• [Work order]:
Among the entries, which lines carry the string "Images"? Copy each of them.
------------------------------
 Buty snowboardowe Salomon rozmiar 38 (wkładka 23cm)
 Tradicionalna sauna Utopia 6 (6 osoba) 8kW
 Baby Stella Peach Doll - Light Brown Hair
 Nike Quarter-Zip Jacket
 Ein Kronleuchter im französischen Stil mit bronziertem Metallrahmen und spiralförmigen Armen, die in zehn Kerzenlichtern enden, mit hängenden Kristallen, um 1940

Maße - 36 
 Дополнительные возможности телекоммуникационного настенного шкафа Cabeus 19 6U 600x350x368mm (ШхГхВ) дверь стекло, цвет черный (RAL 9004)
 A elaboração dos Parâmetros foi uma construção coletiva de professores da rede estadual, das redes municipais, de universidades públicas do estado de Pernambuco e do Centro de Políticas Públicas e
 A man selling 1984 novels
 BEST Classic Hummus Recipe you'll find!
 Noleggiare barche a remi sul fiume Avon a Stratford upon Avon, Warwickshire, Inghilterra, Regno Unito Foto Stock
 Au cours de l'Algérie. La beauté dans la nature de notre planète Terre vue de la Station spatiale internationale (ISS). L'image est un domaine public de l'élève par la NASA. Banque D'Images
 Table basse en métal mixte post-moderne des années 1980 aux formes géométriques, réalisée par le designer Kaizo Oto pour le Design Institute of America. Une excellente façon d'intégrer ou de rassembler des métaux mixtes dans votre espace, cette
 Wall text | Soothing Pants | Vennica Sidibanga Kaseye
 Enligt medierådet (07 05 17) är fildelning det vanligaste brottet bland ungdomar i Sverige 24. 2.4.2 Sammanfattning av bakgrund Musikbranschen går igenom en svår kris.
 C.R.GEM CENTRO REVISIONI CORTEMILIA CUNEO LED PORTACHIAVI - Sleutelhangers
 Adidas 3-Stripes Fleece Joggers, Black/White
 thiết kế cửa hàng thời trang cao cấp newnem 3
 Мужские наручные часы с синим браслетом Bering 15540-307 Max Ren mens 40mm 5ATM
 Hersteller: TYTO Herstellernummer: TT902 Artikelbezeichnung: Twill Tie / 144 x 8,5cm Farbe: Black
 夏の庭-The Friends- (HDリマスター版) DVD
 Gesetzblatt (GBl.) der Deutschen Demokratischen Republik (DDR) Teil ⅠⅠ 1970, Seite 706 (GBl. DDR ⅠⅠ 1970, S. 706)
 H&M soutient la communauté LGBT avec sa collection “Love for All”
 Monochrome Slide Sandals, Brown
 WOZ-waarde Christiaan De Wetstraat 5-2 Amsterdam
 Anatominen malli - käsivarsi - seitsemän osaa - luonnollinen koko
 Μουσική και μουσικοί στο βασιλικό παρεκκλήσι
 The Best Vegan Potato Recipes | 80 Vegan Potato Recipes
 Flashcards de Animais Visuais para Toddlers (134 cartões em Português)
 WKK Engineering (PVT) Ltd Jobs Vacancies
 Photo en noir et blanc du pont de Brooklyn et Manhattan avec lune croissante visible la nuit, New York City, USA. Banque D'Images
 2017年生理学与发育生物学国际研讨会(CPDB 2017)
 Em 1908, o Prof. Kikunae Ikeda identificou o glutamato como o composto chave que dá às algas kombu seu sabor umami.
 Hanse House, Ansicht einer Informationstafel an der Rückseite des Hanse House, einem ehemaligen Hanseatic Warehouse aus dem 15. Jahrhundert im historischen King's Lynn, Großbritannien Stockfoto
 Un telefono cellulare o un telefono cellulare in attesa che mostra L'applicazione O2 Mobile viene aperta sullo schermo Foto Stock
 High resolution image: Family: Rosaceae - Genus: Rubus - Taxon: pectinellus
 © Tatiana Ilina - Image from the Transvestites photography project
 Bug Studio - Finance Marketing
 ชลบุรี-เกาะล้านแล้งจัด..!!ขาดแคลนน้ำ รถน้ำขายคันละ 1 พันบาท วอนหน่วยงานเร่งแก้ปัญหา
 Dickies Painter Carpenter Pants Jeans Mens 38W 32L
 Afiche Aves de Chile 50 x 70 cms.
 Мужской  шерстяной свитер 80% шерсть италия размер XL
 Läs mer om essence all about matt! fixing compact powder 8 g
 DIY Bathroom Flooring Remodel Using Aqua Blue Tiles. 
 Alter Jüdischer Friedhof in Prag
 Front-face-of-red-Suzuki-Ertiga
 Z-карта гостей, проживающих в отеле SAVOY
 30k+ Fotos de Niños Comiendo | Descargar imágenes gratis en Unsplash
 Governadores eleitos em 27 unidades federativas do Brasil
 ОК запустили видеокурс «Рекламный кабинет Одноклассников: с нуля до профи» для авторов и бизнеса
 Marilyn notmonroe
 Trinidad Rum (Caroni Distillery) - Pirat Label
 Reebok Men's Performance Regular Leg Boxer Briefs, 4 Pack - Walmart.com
------------------------------
• [Exercise result]:
 Au cours de l'Algérie. La beauté dans la nature de notre planète Terre vue de la Station spatiale internationale (ISS). L'image est un domaine public de l'élève par la NASA. Banque D'Images
 Photo en noir et blanc du pont de Brooklyn et Manhattan avec lune croissante visible la nuit, New York City, USA. Banque D'Images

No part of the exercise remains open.